# What you will do:
The listing is to be transcribed in full, with its images left out.

# Information shown:
++++

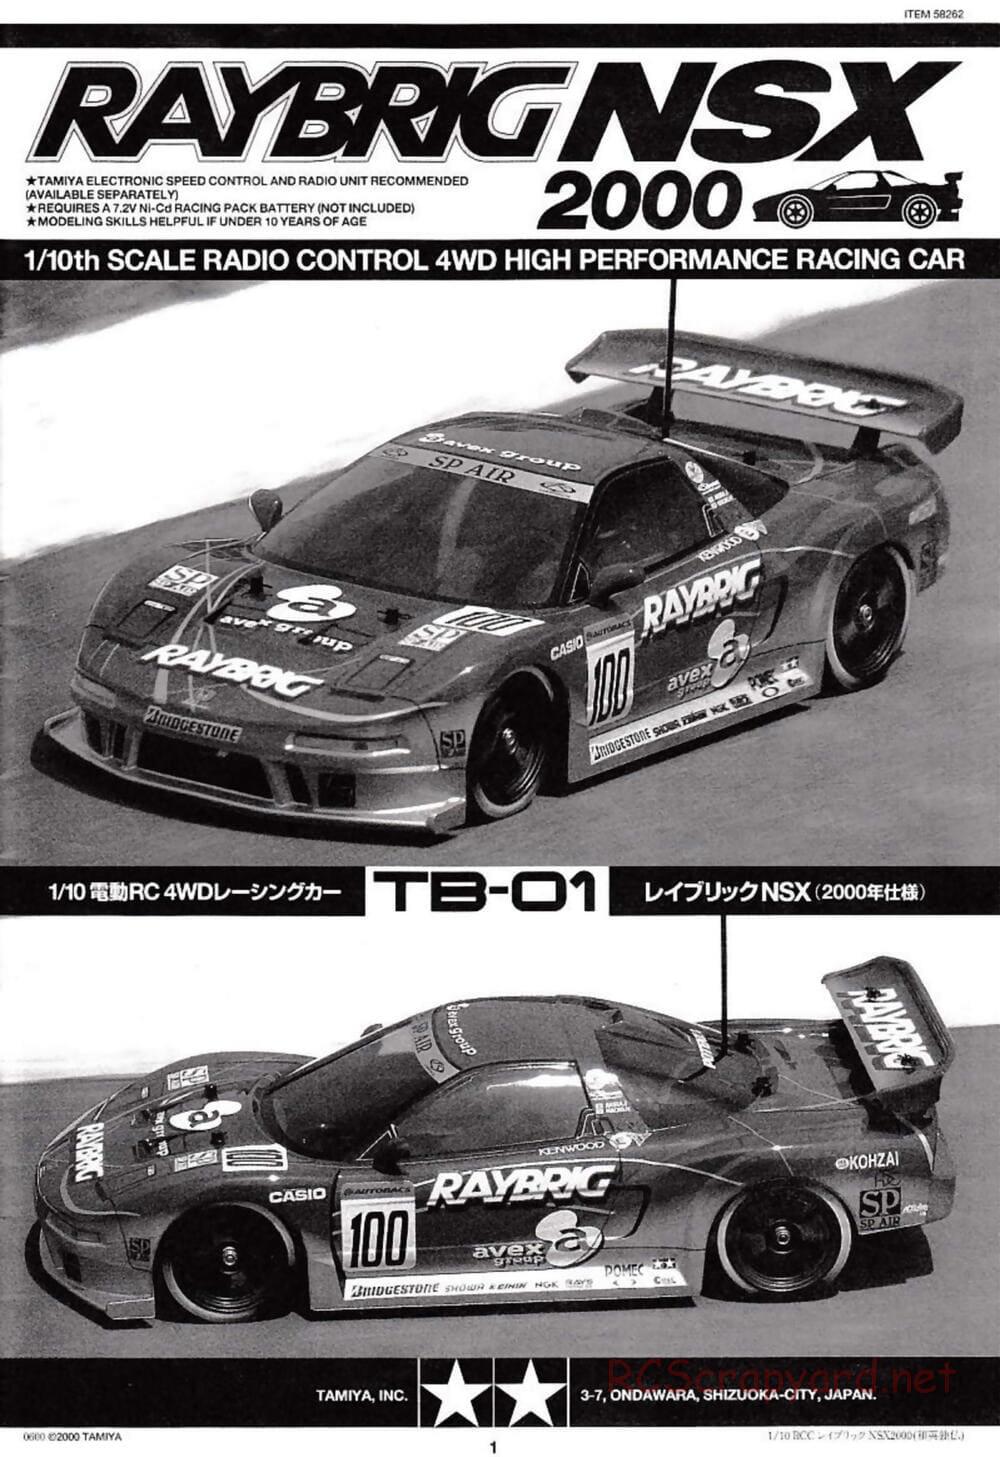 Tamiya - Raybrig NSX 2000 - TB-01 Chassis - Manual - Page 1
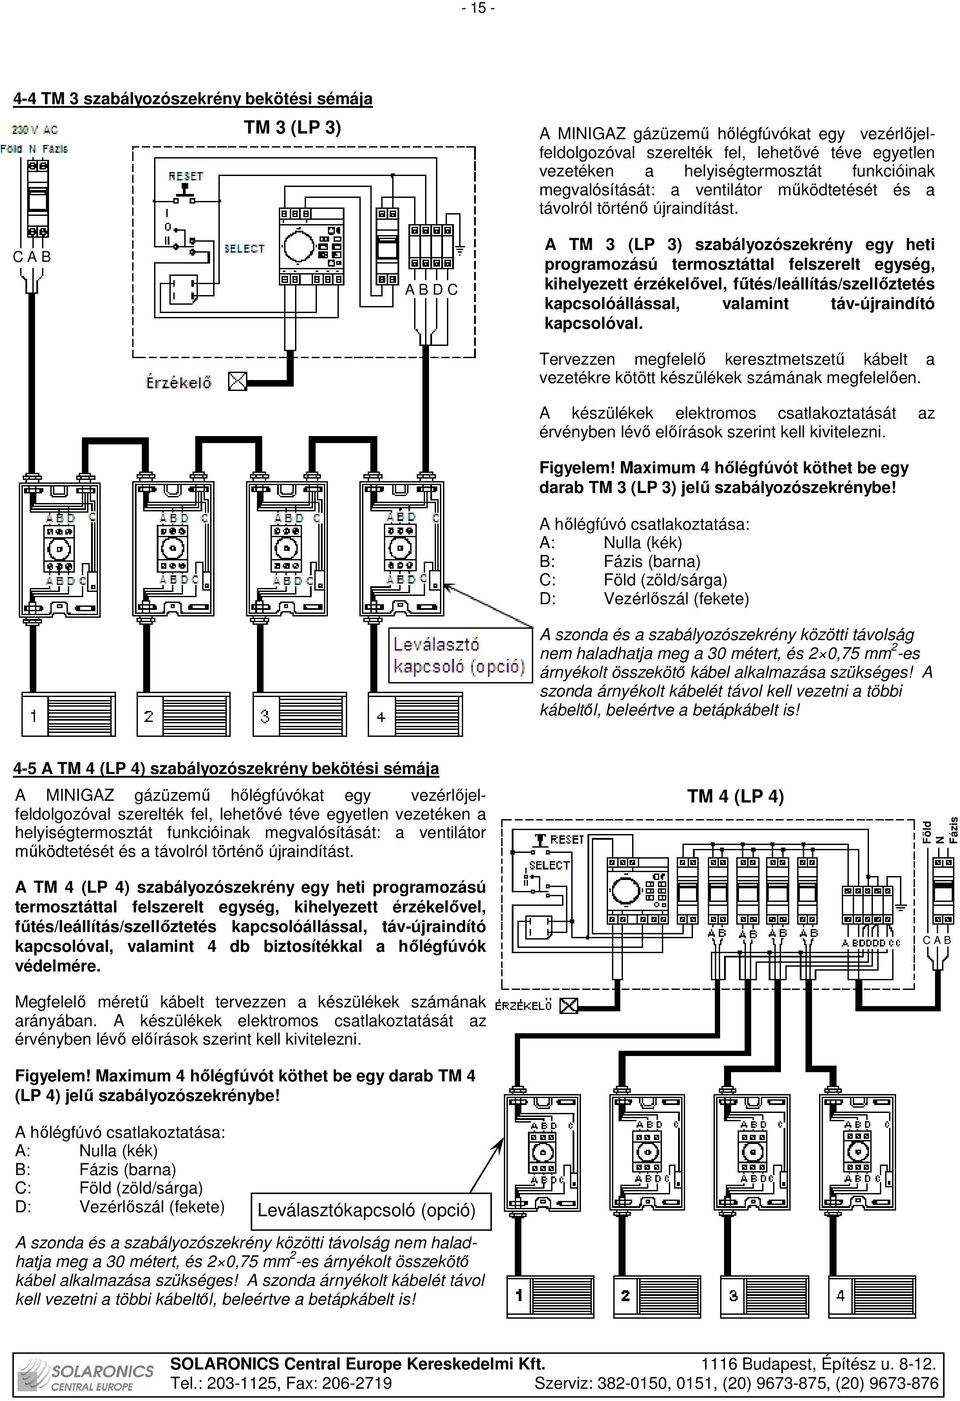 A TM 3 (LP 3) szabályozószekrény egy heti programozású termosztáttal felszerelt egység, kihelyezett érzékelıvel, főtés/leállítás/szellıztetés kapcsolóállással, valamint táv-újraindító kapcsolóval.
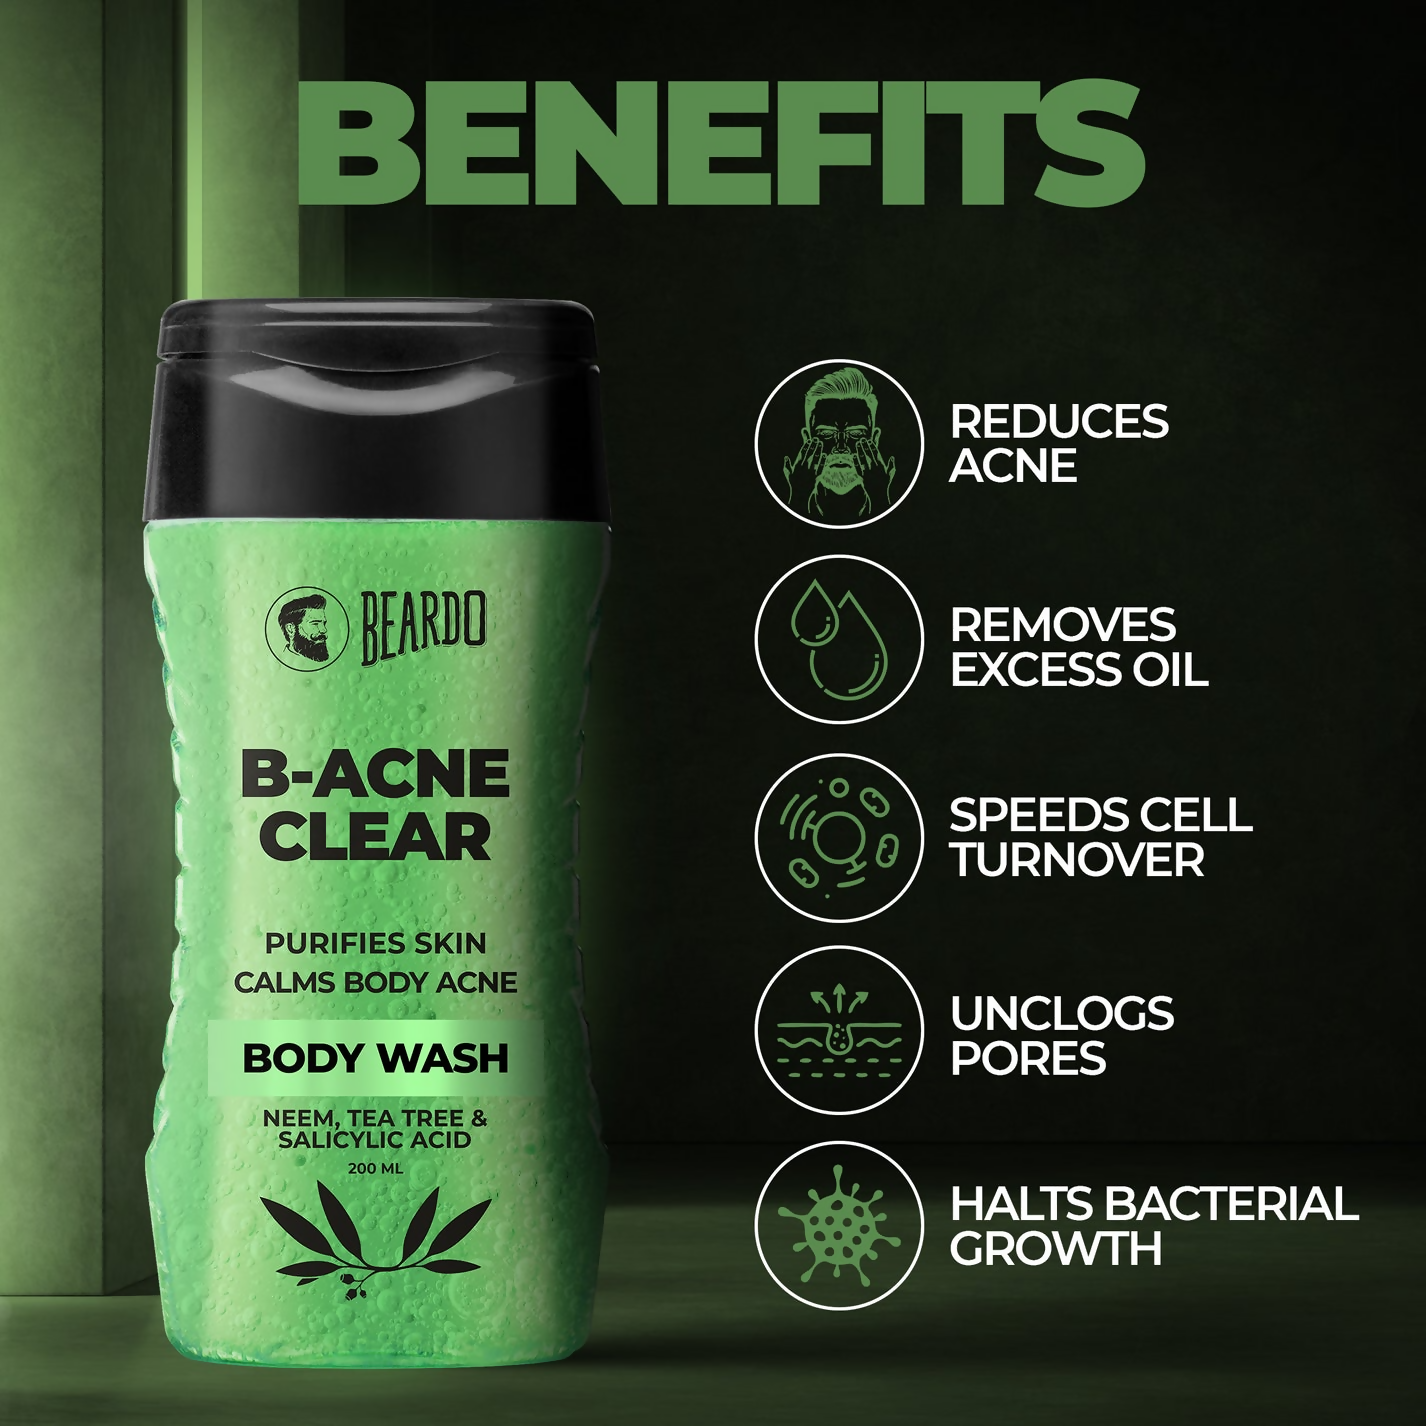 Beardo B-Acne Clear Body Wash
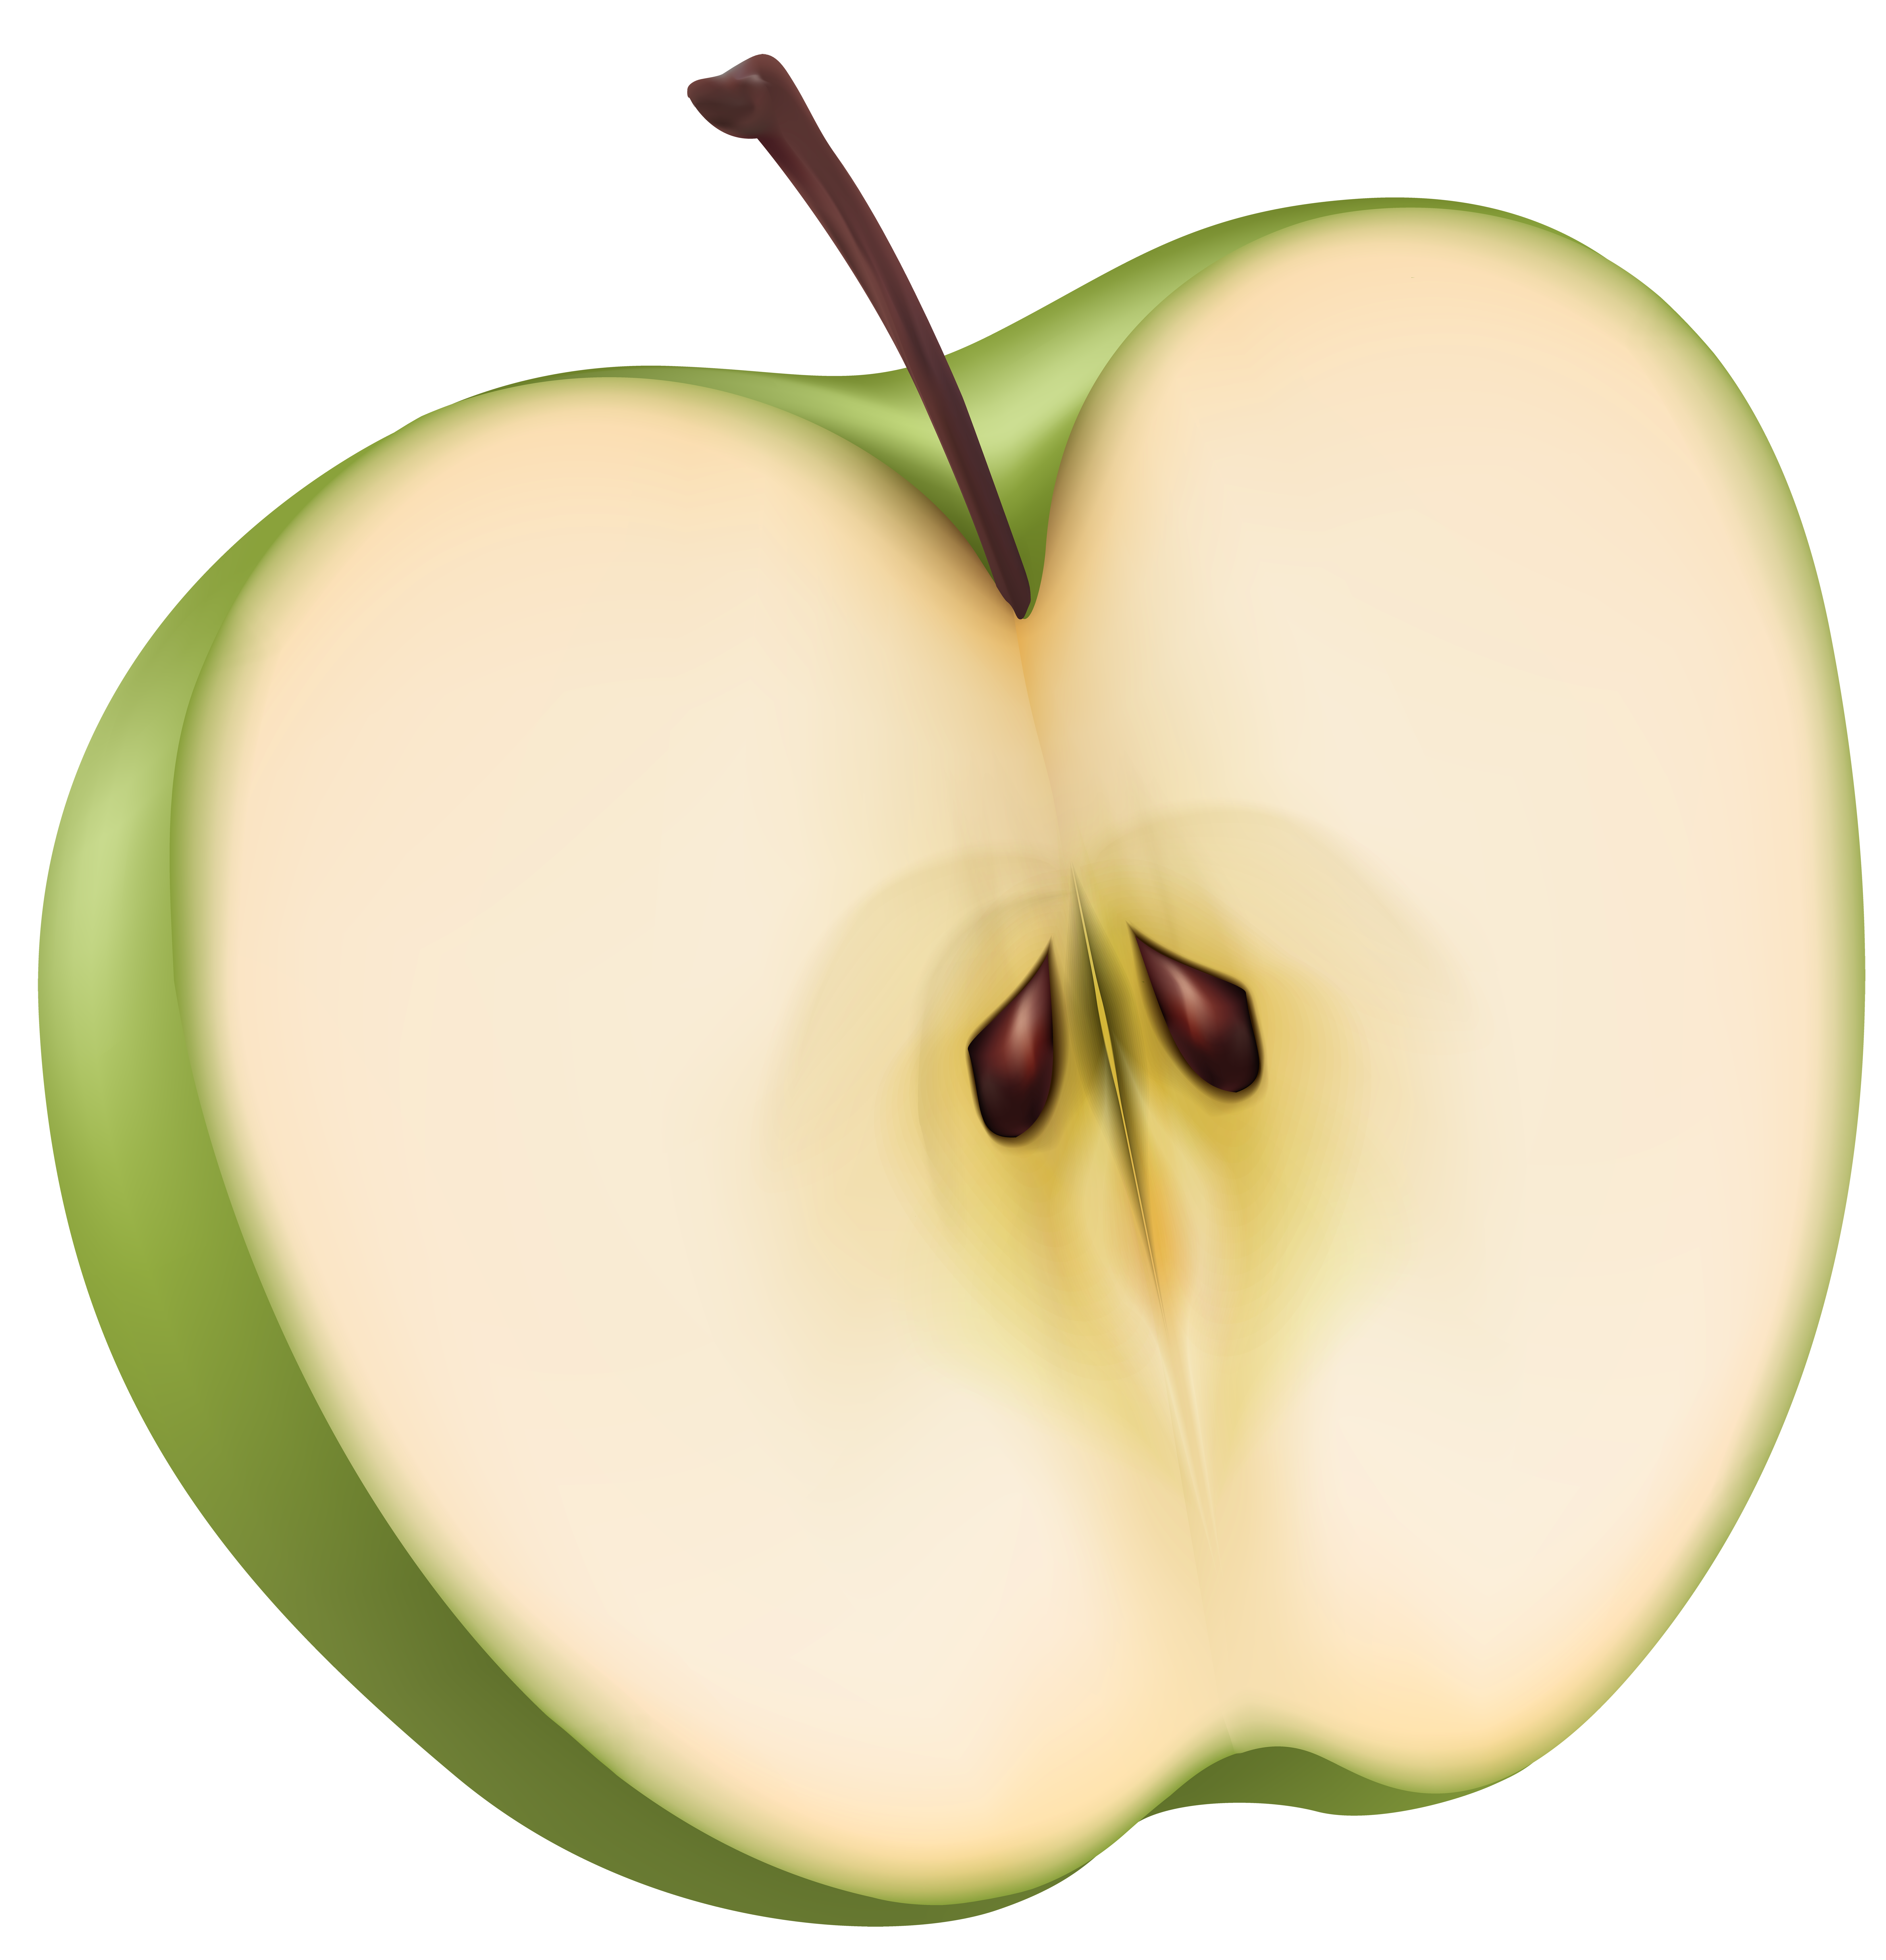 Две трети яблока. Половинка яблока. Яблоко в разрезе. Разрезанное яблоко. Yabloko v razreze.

++++

# Task response:
 Tamiya - Raybrig NSX 2000 - TB-01 Chassis - Manual - Page 1
 A TM 3 (LP 3) szabályozószekrény egy heti programozású termosztáttal felszerelt egység, kihelyezett érzékelıvel, főtés/leállítás/szellıztetés kapcsolóállással, valamint táv-újraindító kapcsolóval.
 Beardo B-Acne Clear Body Wash
 Две трети яблока. Половинка яблока. Яблоко в разрезе. Разрезанное яблоко. Yabloko v razreze.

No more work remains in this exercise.